I'm currently trying to get into php and MySQL and i'm using this little project as a learning curve, but I've hit a bump that I can't get through. I have the following code that is accessing my MySQL database and I am currently trying to echo the data out using the following search function:
<?php
ob_start();
require("config.php");
ob_end_clean();
$req=$_REQUEST['workingDate'];
$req2=$_REQUEST['location'];
mysql_connect("XXXXXXXXXXX",$username,$password);
mysql_select_db($database) or die( "Unable to select database");
if ($req!="all" && $req2!="all") $query="SELECT * FROM TrackerTable WHERE workingDate='$req' AND location1='$req2'";
else if($req=="all" && $req2!="all" ) $query="SELECT * FROM TrackerTable WHERE location1='$req2'";
else if($req!="all" && $req2=="all" ) $query="SELECT * FROM TrackerTable WHERE make='$req'";
else if($req=="all" || $req2=="all" ) $query="SELECT * FROM TrackerTable";
$result=mysql_query($query);
$num=mysql_numrows($result);
mysql_query($result);
mysql_close();
$i=0;
for ($i; $i < $num; $i++){
$f12=mysql_result($result,$i,"workingDate");
$f13=mysql_result($result,$i,"location1");
echo $f12." ".$f13."<br />";
}
?>
The problem I have is that whenever I try to search the database using the following html form:
<form method="post" action="searchFunction.php" name="input" id="searchform">
<label class="section">Search Options</label><br />
<input name="workingDate" type="text" id="workingDate" placeholder="Search by Date">
<input name="location1" type="text" id="location1" placeholder="Search by Location">
<input name="submit" type="submit" id="add" value="Find!">
</form>
I get this error thrown at me:
Warning: mysql_query() expects parameter 1 to be string, resource given in /XXXXXX/XXXXXX/XXXXX/XXXX/XXXXX.com/XXXXXX/searchFunction.php on line 20
I have no idea what could be causing the problem as it all seems fairly in place to me. Is there an obvious mistake i'm making or is it all just completely messed up? I've been looking at it that long that I can't tell what makes sense anymore!
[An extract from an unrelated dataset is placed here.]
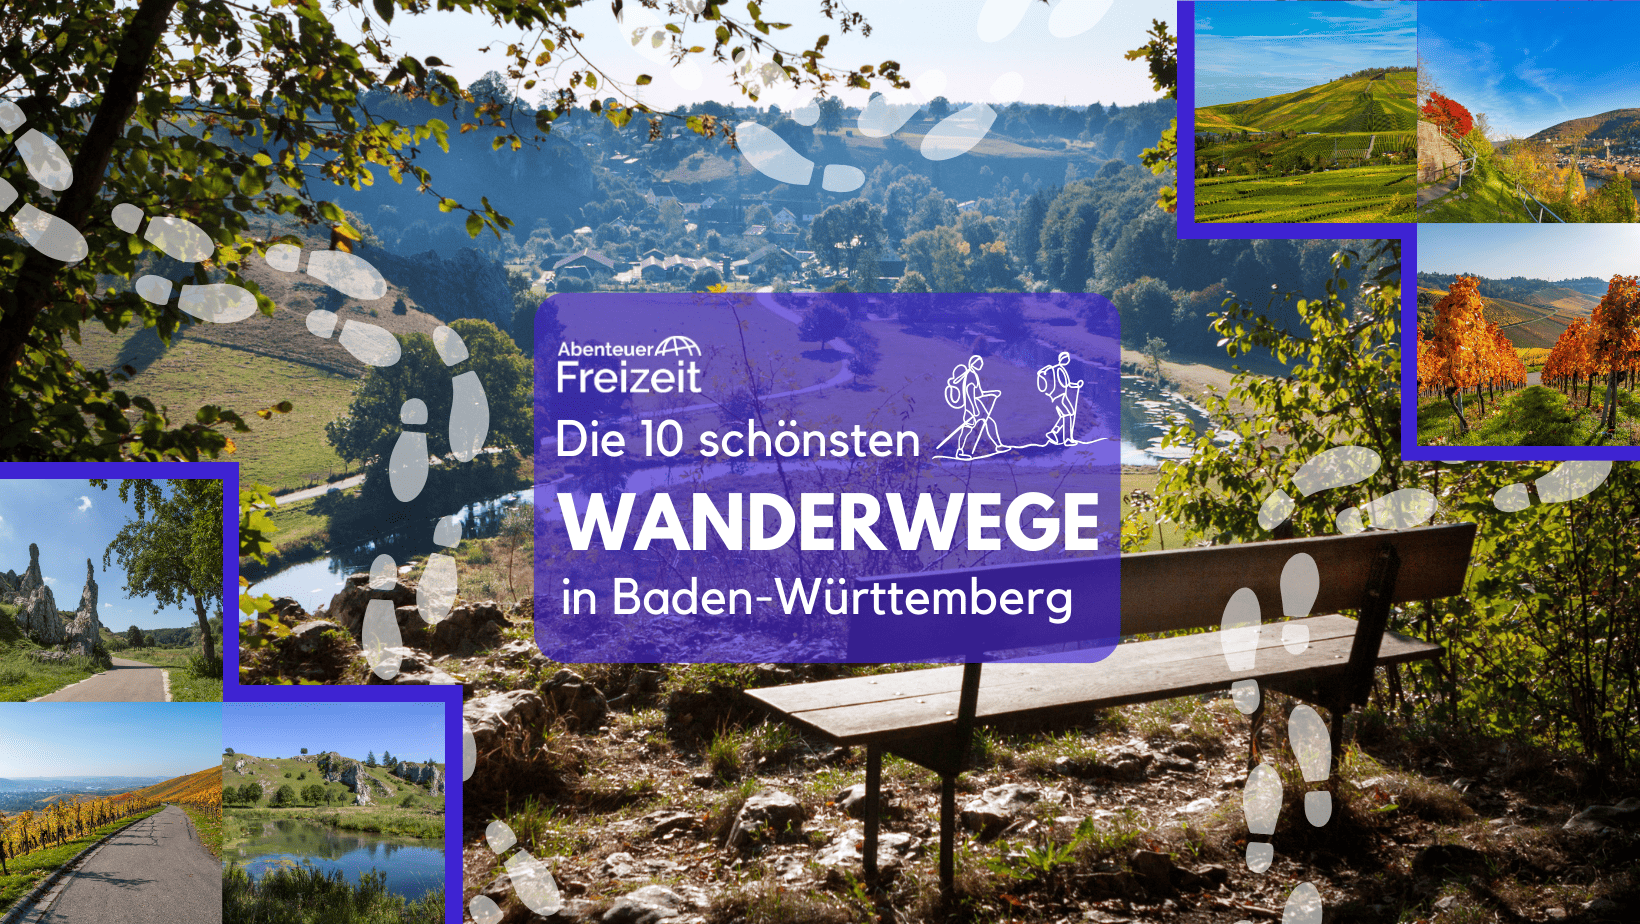 Die 10 schönsten Wanderwege in Baden-Württemberg - Wandern in Baden-Württemberg

Any help would be greatly appreciated. Thanks guys!
You are sure that variable $query is defined? This because in the statement if/elseif is where you define the variable $query.
// first define default value for your $query variable
$query="SELECT * FROM TrackerTable";
// then use your if/else statement
if ($req!="all" && $req2!="all") .....................
You have an error
$result=mysql_query($query);
$num=mysql_numrows($result);
mysql_query($result); // error here
mysql_close();
$result is not a string, is resource. mysql_query($result);
Check http://php.net/manual/en/function.mysql-query.php for details
You're trying to run your query twice:
$result=mysql_query($query);
^^^^^^--- your SQL
mysql_query($result);
^^^^^^^---- result handle (aka resource) from previous call
The second query call is utterly irrelevant/useless. You're passing in the wrong argument to the call, and you're not capturing the return value from the query anyways. Even if it was running properly, you're throwing away the query results.
You then close your DB connection, so when you try to call mysql_result() later on, there's no more DB connection to fetch your results from.
And on top of all this, you're vulnerable to sql injection attacks.
In short, this code is a total disaster.